A movie of a laboratory experiment of an intrusion at hN = 0.1H. In the upper frame, the intrusions is imaged via the squared buoyancy frequency perturbation field ΔN2 < -0.9N, and the front position is demarcated with a vertical white line. In the lower frame, the mode strength of the horizontal perturbation velocity component û' is shown for individual modes. Though the data is noisy, a strong mode-1 signal is evident, decreasing monotonically upstream of the front.
A movie of a laboratory experiment of an intrusion at hN = 0.3H. In the upper frame, the intrusions is imaged via the squared buoyancy frequency perturbation field ΔN2 < -0.9N, and the front position is demarcated with a vertical white line. In the lower frame, the mode strength of the horizontal perturbation velocity component û' is shown for individual modes. Though the data is noisy, both mode-1 and mode-2 signals are evident, decreasing monotonically upstream of the front.
A movie of a laboratory experiment of an intrusion at hN = 0.5H. In the upper frame, the intrusions is imaged via the squared buoyancy frequency perturbation field ΔN2 < -0.9N, and the front position is demarcated with a vertical white line. In the lower frame, the mode strength of the horizontal perturbation velocity component û' is shown for individual modes. Though the data is noisy, a stronger mode-2 signal is evident, decreasing monotonically upstream of the front.
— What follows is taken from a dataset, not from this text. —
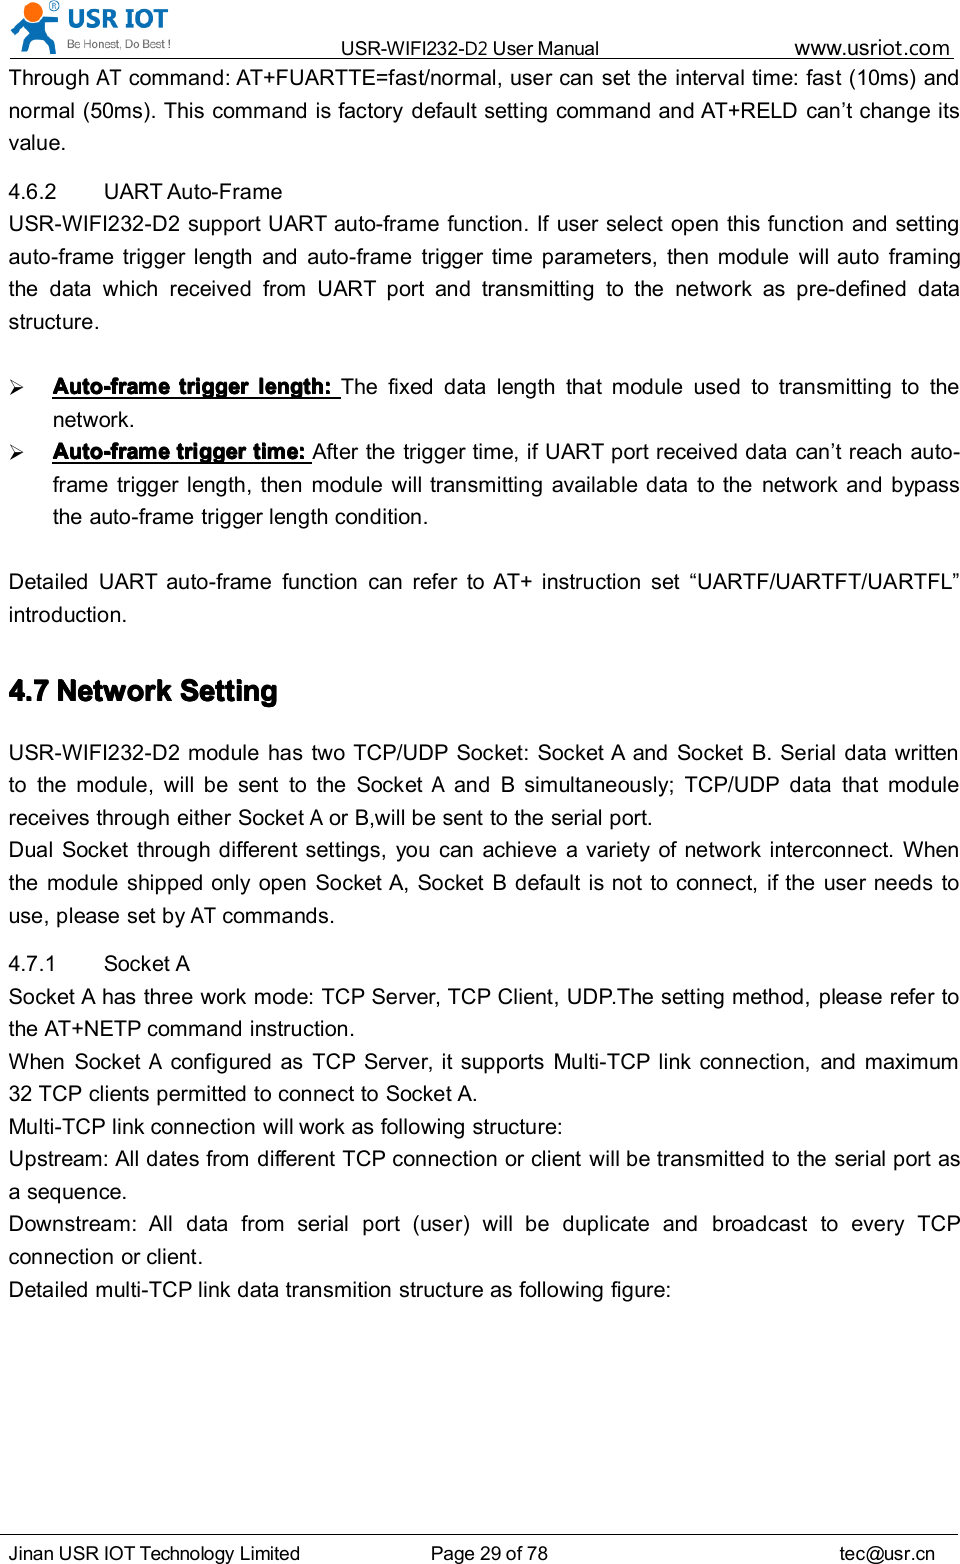 USR-WIFI232- D2 User Manual www.usr iot .comJinan USR IOT Technology Limited Page 29 of 78 tec@usr.cnThroughATcommand: AT+FUARTTE=fas t /normal, user can set the interval time: fast (10ms) andnormal (50ms). This command is factory default setting command and AT+RELD can ’ t change itsvalue.4.6.2 UART Auto-FrameUSR-WIFI232-D2 support UART auto-frame function. If user select open this function and settingauto-frame trigger length and auto-frame trigger time parameters, then module will auto framingthe data which received from UART port and transmitting to the network as pre-defined datastructure.Auto-frameAuto-frameAuto-frameAuto-frame triggertriggertriggertrigger length:length:length:length: The fixed data length that module used to transmitting to thenetwork.Auto-frameAuto-frameAuto-frameAuto-frame triggertriggertriggertrigger time:time:time:time: After the trigger time, if UART port received data can ’ t reach auto-frame trigger length, then module will transmitting available data to the network and bypassthe auto-frame trigger length condition.Detailed UART auto-frame function can refer to AT+ instruction set “ UARTF/UARTFT/UARTFL ”introduction.4.74.74.74.7 NetworkNetworkNetworkNetwork SettingSettingSettingSettingUSR-WIFI232-D2 module has two TCP/UDP Socket: Socket A and Socket B. Serial data writtento the module, will be sent to the SocketAand B simultaneously; TCP/UDP data that modulereceives through either SocketAor B,will be sent to the serial port.Dual Socket through different settings, you can achieve a variety of network interconnect. Whenthe module shipped only open Socket A, Socket B default is not to connect, if the user needs touse, please set byATcommands.4.7.1 Socket ASocket A has three work mode: TCP Server, TCP Client, UDP.The setting method, please refer tothe AT+NETP command instruction.When SocketAconfigured as TCP Server, it supports Multi-TCP link connection, and maximum32 TCP clients permitted to connect to Socket A.Multi-TCP link connection will work as following structure:Upstream: All dates from different TCP connection or client will be transmitted to the serial port asa sequence.Downstream: All data from serial port (user) will be duplicate and broadcast to every TCPconnection or client.Detailed multi-TCP link data transmition structure as following figure:

A movie of a numerical simulation of an intrusion at hN = 0.1H.In the upper frame, the intrusions is imaged as a passive tracer concentration > 0.95, and the front position is demarcated with a vertical white line. In the lower frame, the mode strength of the horizontal perturbation velocity component û' is shown for individual modes. A strong mode-1 signal is evident, decreasing monotonically upstream of the front.
A movie of a numerical simulation of an intrusion at hN = 0.3H. In the upper frame, the intrusions is imaged as a passive tracer concentration > 0.95, and the front position is demarcated with a vertical white line. In the lower frame, the mode strength of the horizontal perturbation velocity component û' is shown for individual modes. Both mode-1 and mode-2 signals are evident, decreasing monotonically upstream of the front.
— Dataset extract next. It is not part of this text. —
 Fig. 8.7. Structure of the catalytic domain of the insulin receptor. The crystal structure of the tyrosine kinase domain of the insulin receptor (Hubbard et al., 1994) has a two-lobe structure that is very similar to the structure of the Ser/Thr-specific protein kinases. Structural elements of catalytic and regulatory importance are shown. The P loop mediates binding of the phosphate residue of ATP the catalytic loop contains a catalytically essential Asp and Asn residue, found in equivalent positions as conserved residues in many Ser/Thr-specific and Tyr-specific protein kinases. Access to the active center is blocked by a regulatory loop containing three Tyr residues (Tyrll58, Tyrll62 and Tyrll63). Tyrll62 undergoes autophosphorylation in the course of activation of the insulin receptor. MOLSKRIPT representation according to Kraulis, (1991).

A movie of a numerical simulation of an intrusion at hN = 0.5H. In the upper frame, the intrusions is imaged as a passive tracer concentration > 0.95, and the front position is demarcated with a vertical white line. In the lower frame, the mode strength of the horizontal perturbation velocity component û' is shown for individual modes. A strong mode-2 signal is evident, decreasing monotonically upstream of the front.